Work request = Print exactly the line that contains "iPhone and Android", then every following line through the end of the material; include nothing else and no pictures.
**** The data ****
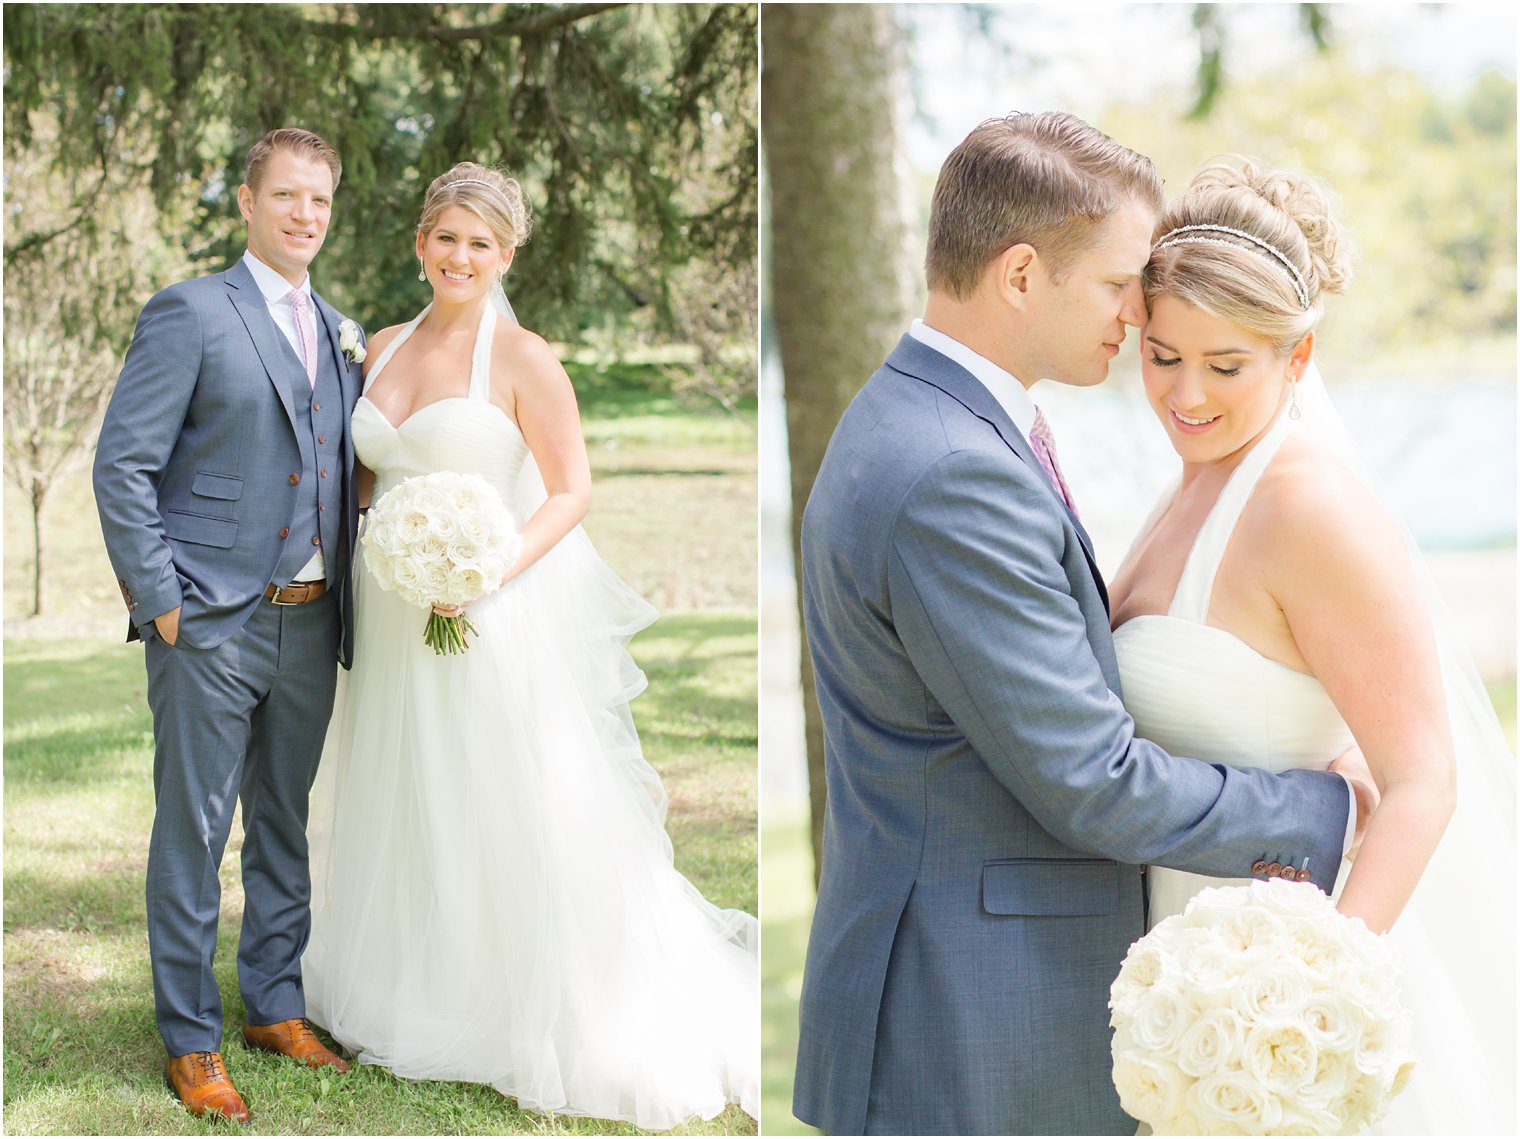 Classic bride and groom portraits at Windows on the Water at Frogbridge Wedding
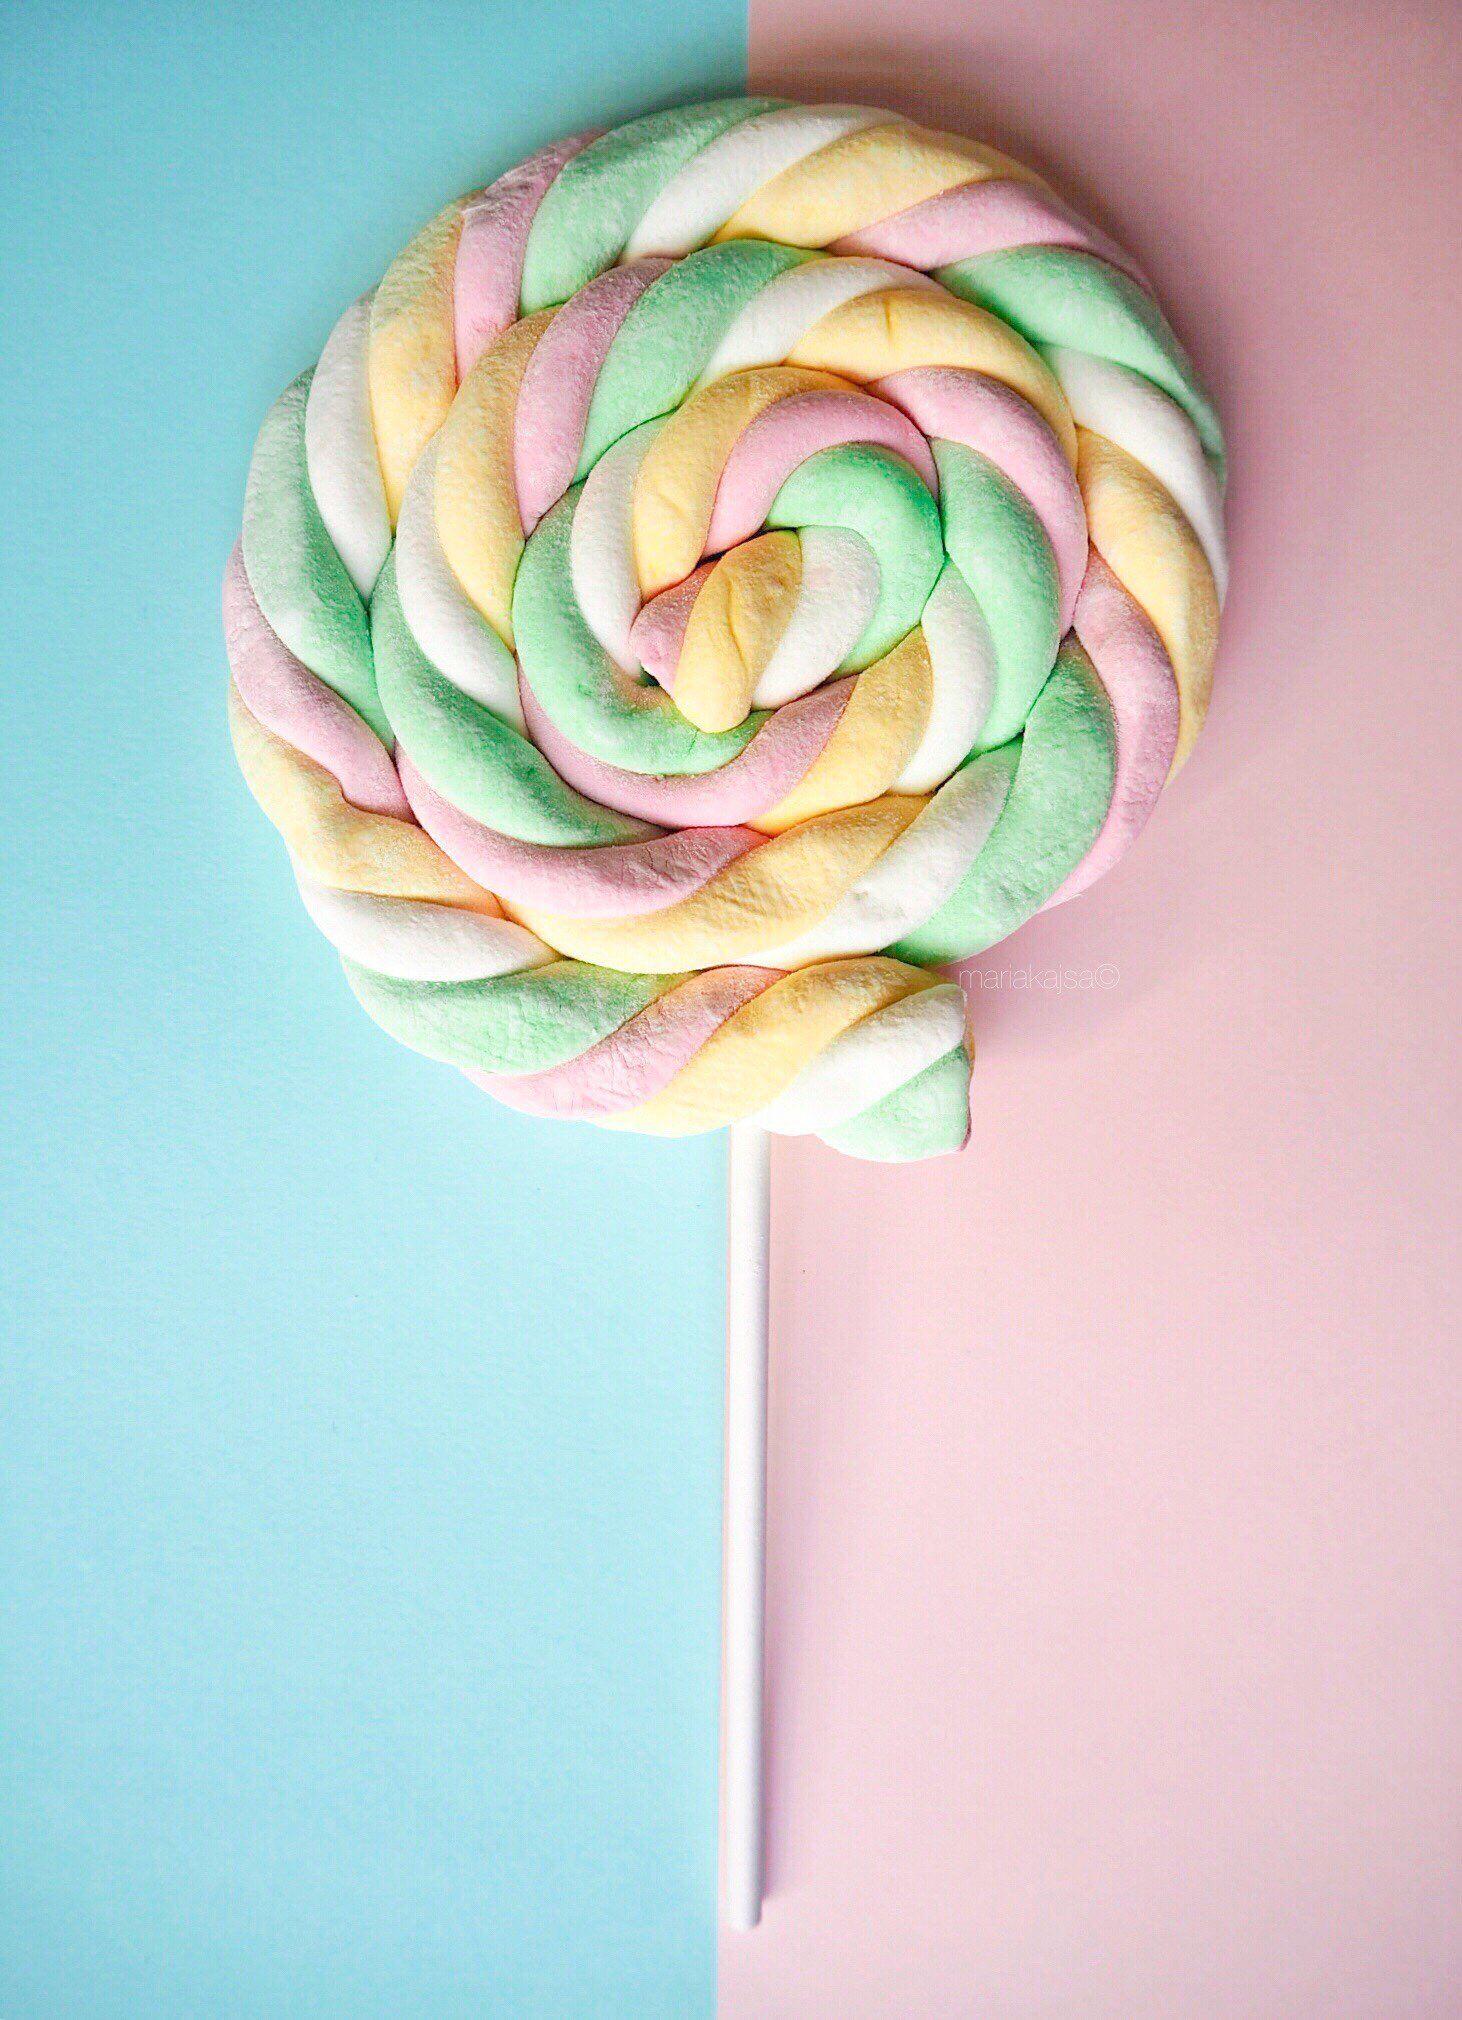 iPhone and Android Wallpaper: Pastel Candy Lollipop Wallpaper
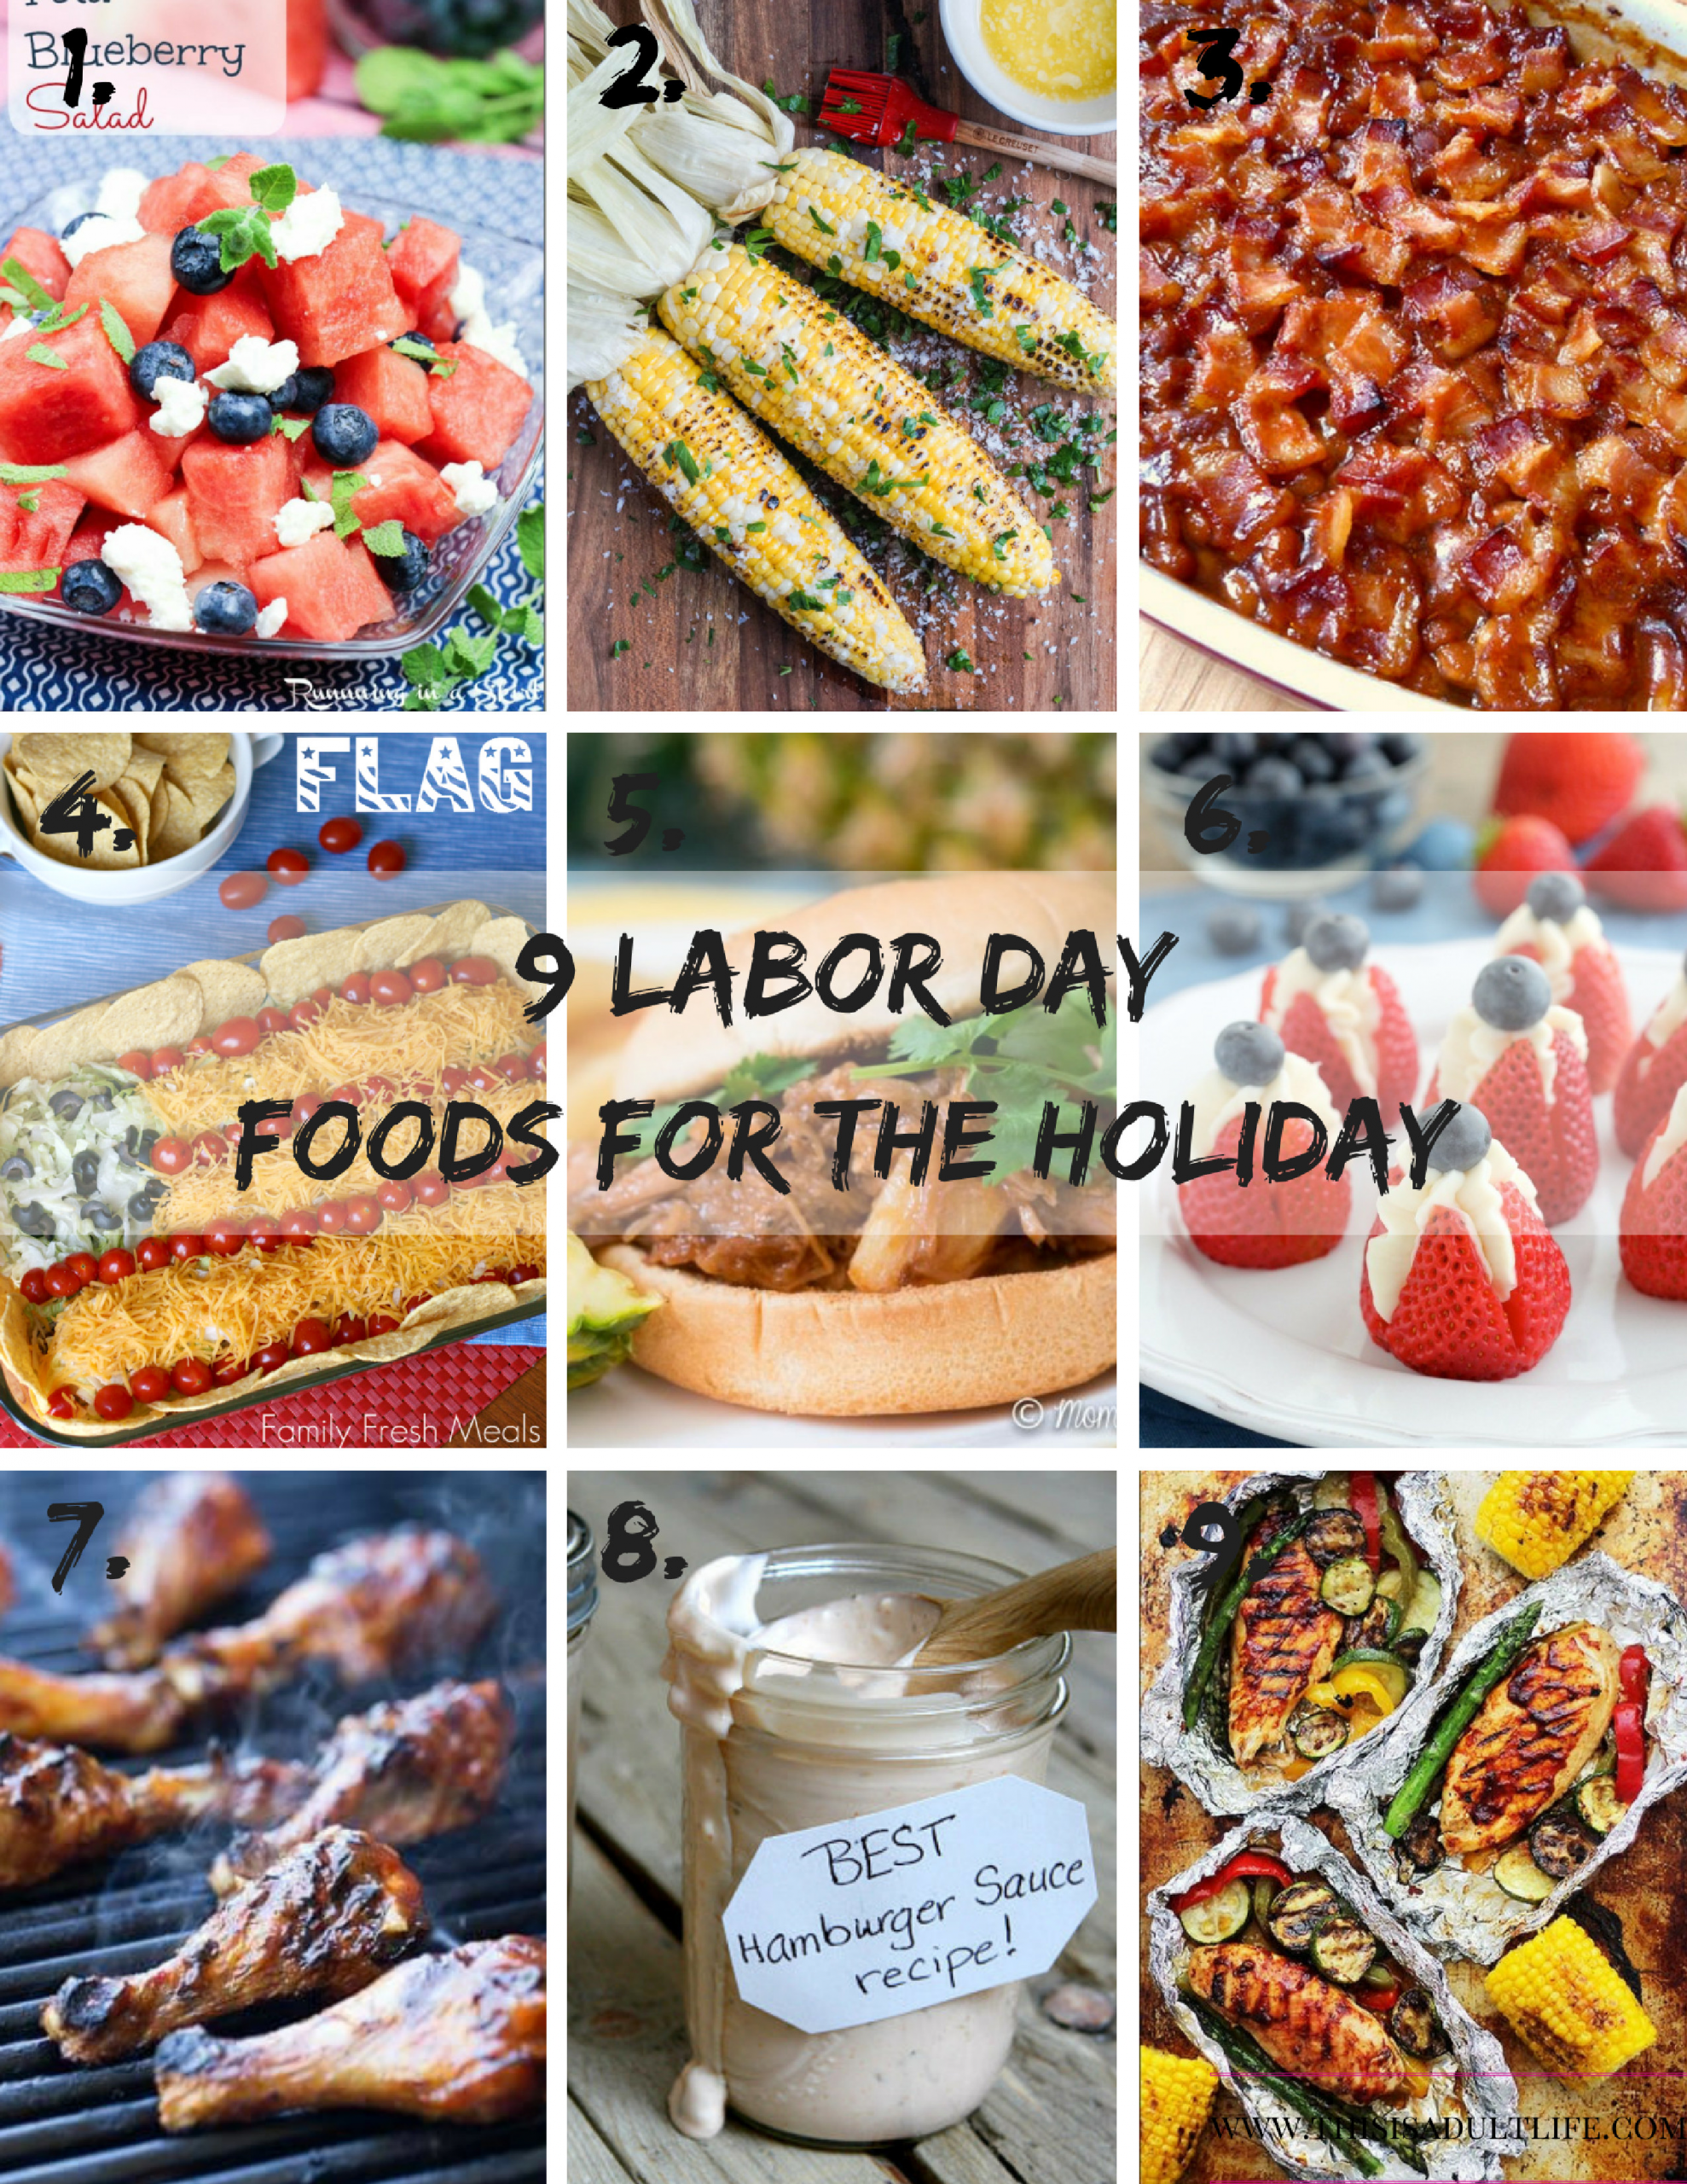 Labor Day Food Ideas
 9 Labor Day Food Ideas for the Holiday This is Adult Life
****
Result below =
 iPhone and Android Wallpaper: Pastel Candy Lollipop Wallpaper
 Labor Day Food Ideas
 9 Labor Day Food Ideas for the Holiday This is Adult Life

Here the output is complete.